Underlying the project is an implicit claim that whole new kinds of space—and consequently, whole new experiences of space—are steadily emerging across vast tracts of formerly rural countryside that once lay between the larger metropolitan areas.
I have focused on exurbia, a term coined back in the mid fifties, that for me names a patchwork of engineered spaces organized according to an entirely different spatial logic than that of the more familiar urban/suburban nexuses. The critical difference can be summed up diagrammatically as that between the older hub and spoke schematic and the exurban node and network. The traditional suburbs remain largely oriented towards the city centers from which they originally sprang, and thus we intuitively map these areas as so many peripheries radiating out from their centers. Exurbia, on the other hand, operates beyond the gravitational pull of the cities and is instead arranged pell-mell and discontinuously along the outlying expressways. Its larger concentrations of development—its corporate centers, shopping malls, residential developments and so on—are mostly clustered around prominent intersections along the extensive network of crisscrossing expressways.

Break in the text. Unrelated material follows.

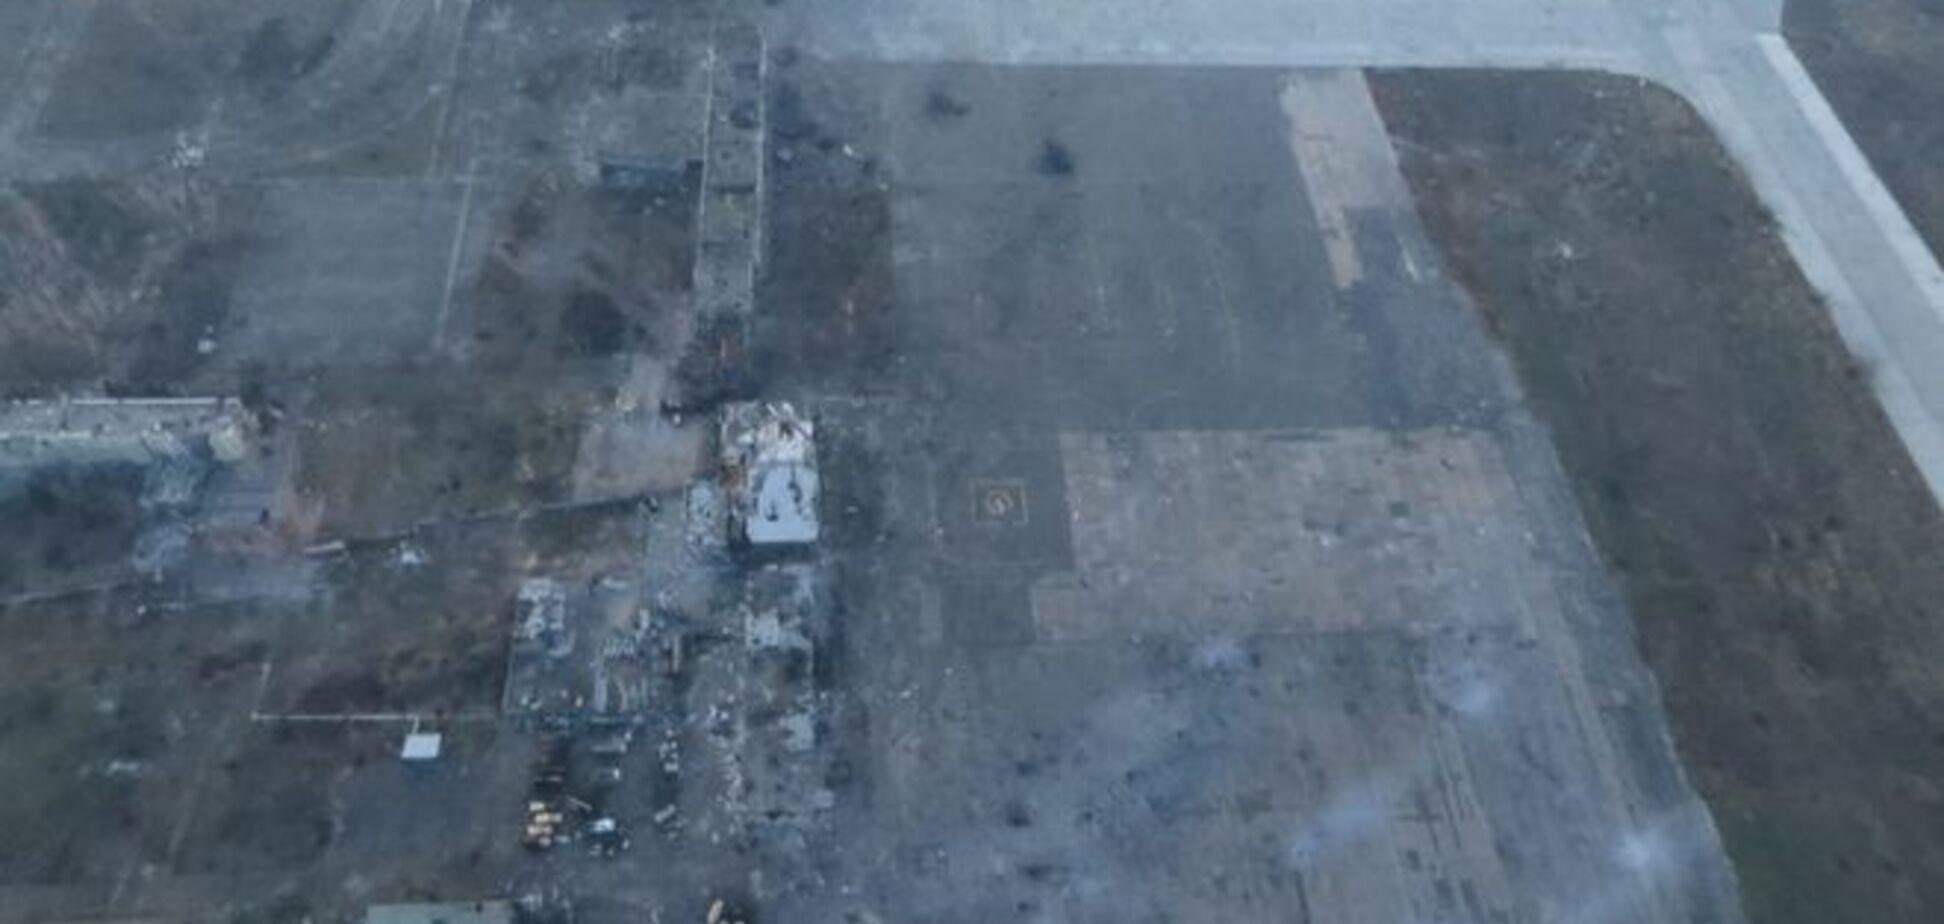 Донецкий аэропорт утратил свою ценность, украинские военные оставили его – глава Генштаба

The project focuses primarily on just one signature building type that proliferates across these regions, variously called distribution, logistics, or fulfillment centers. These are the massive, boxlike structures often within view of the major expressways. Mostly windowless save perhaps for one corner dedicated to office work, their most salient feature is the ring of loading docks that often wraps around multiple sides.
Among other things I am drawn to the shear scale of these buildings, which adds to their spectral-like presence on the landscape. But more than anything, the Exurban Archipelago Project explores the rigorous geometries of these imposing architectural forms and how they affect our experiences of the “floating” spaces of this postindustrial landscape.